The Goodyear Polyglas tire was a bias-belted tire announced in 1967 by Goodyear. "Polyglas" was a registered trademark. The tire combined the characteristics of bias-ply and radial-ply tires. They had a wider tread than most other tires on the market at the time and used belts made of fiberglass.

Design
Conventional tires up to that time featured a bias or cross ply construction with body cords extending diagonally from bead to bead. The Polyglas tires had bias construction that added stabilizing circumference belts directly beneath the tread. Goodyear promoted the design as having less tread "squirm" as the tire rolls on the road surface because of the additional fiberglass belts. This feature increased the mileage and improved road holding performance. The tires featured a wide footprint.

Application
The tires initially were an original equipment on late 1960s muscle cars such as the Pontiac GTO, Dodge Charger R/T, Ford Mustang Mach I, Chevrolet Camaro Z-28, and many others along with comparable tires from various competitors such as the Firestone Wide-Oval, Uniroyal's Tiger Paw, and BF Goodrich's Radial T/A. Goodyear and comparable bias-belted tires began appearing as standard or optional equipment on most 1969-model passenger cars and nearly all 1970 to 1974 models. 

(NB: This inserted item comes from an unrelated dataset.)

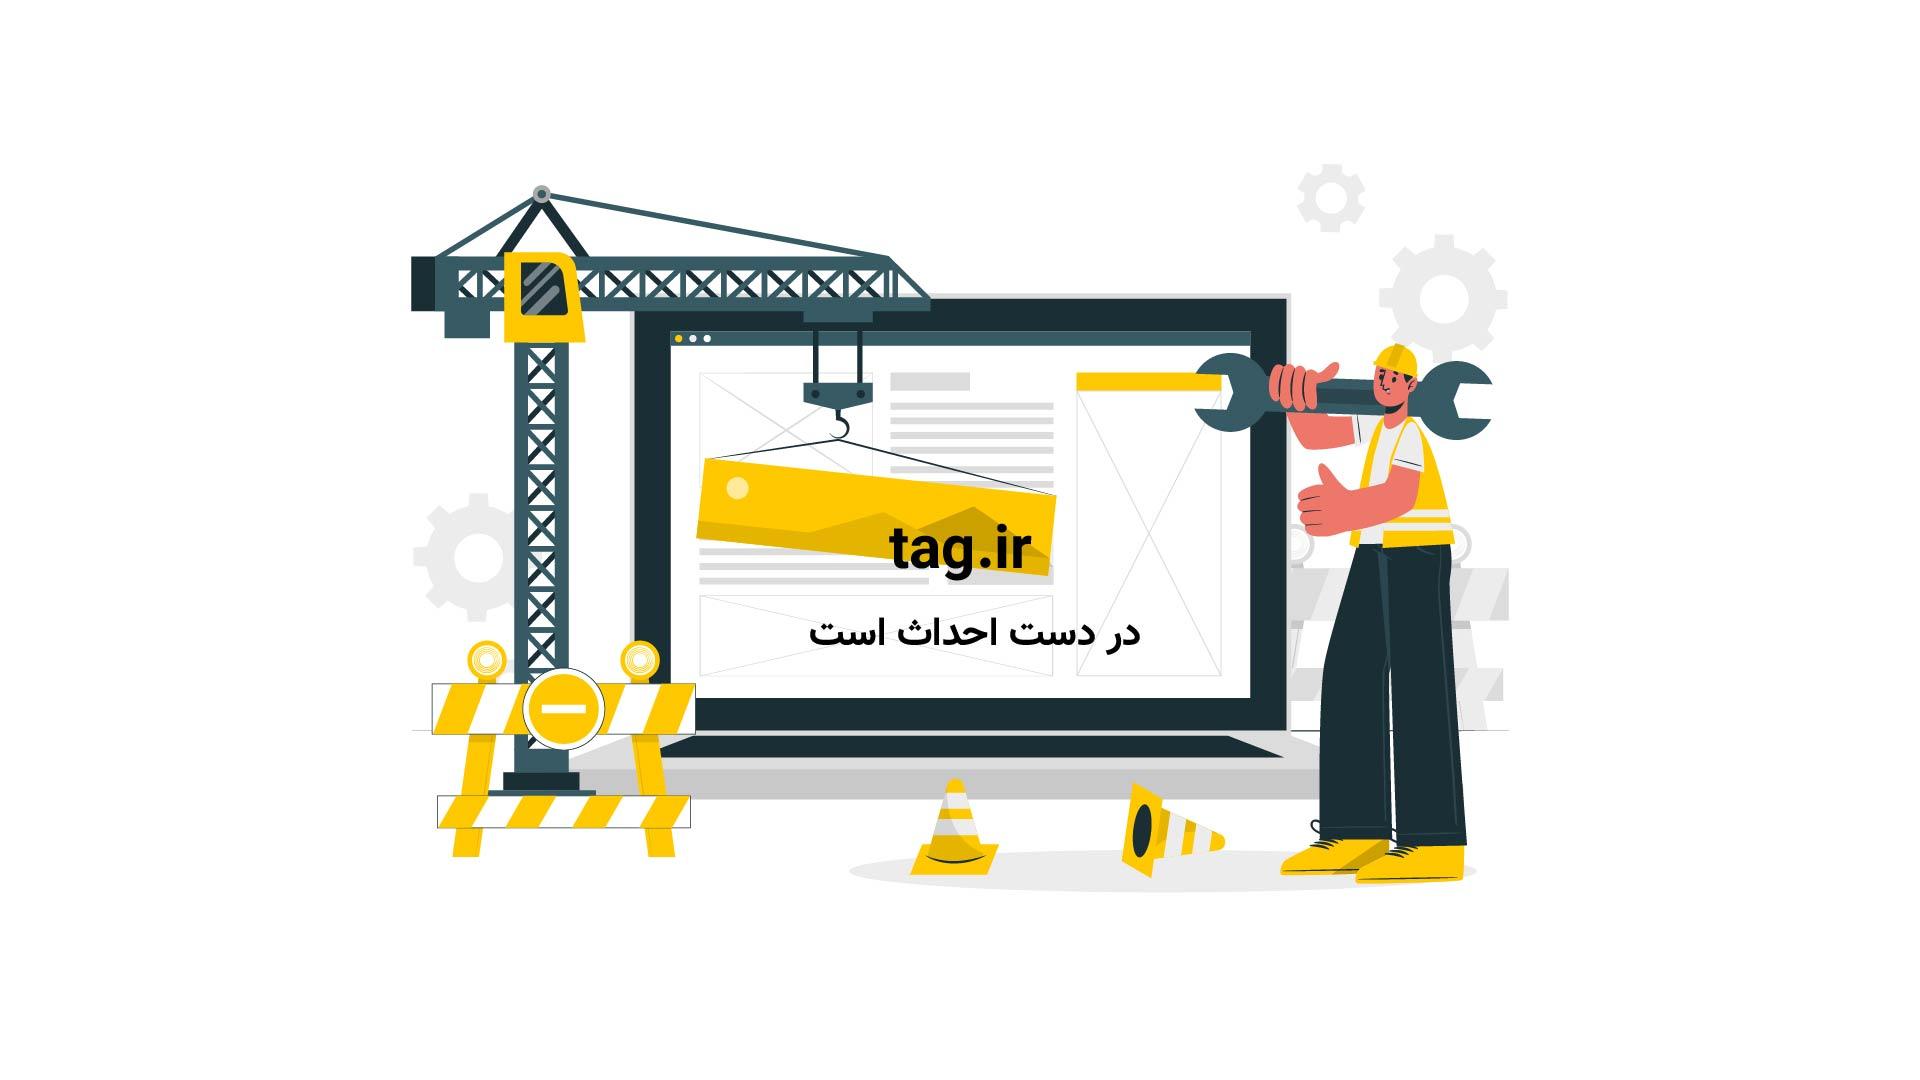 درباره دایناسورها-اسپاینوسوروس | تگ

The most common version of the Polyglas found on muscle cars of that era was the Polyglas GT, which was one of the first commercially available raised white lettered tires on the market. Other versions of the Polyglas lineup were offered as blackwall, redline, whitewall, and snow treaded tires. For driving in winter, Polyglass Pathfinder line of tires were available in special versions for the steering front and rear driving axles along with optional "Safety Spikes" (studs).

Advertising
The tires were marketed for their longer life as well as in situations where better tires are needed to compensate for the driver and difficult conditions.

Successors
The Polyglas tire and its competitors were soon replaced by steel belted radials as original equipment tires around 1975. Goodyear Polyglas tires are now manufactured for owners of period cars. Many of these tires feature the distinctive "redlines" that were popular on high performance cars at the time.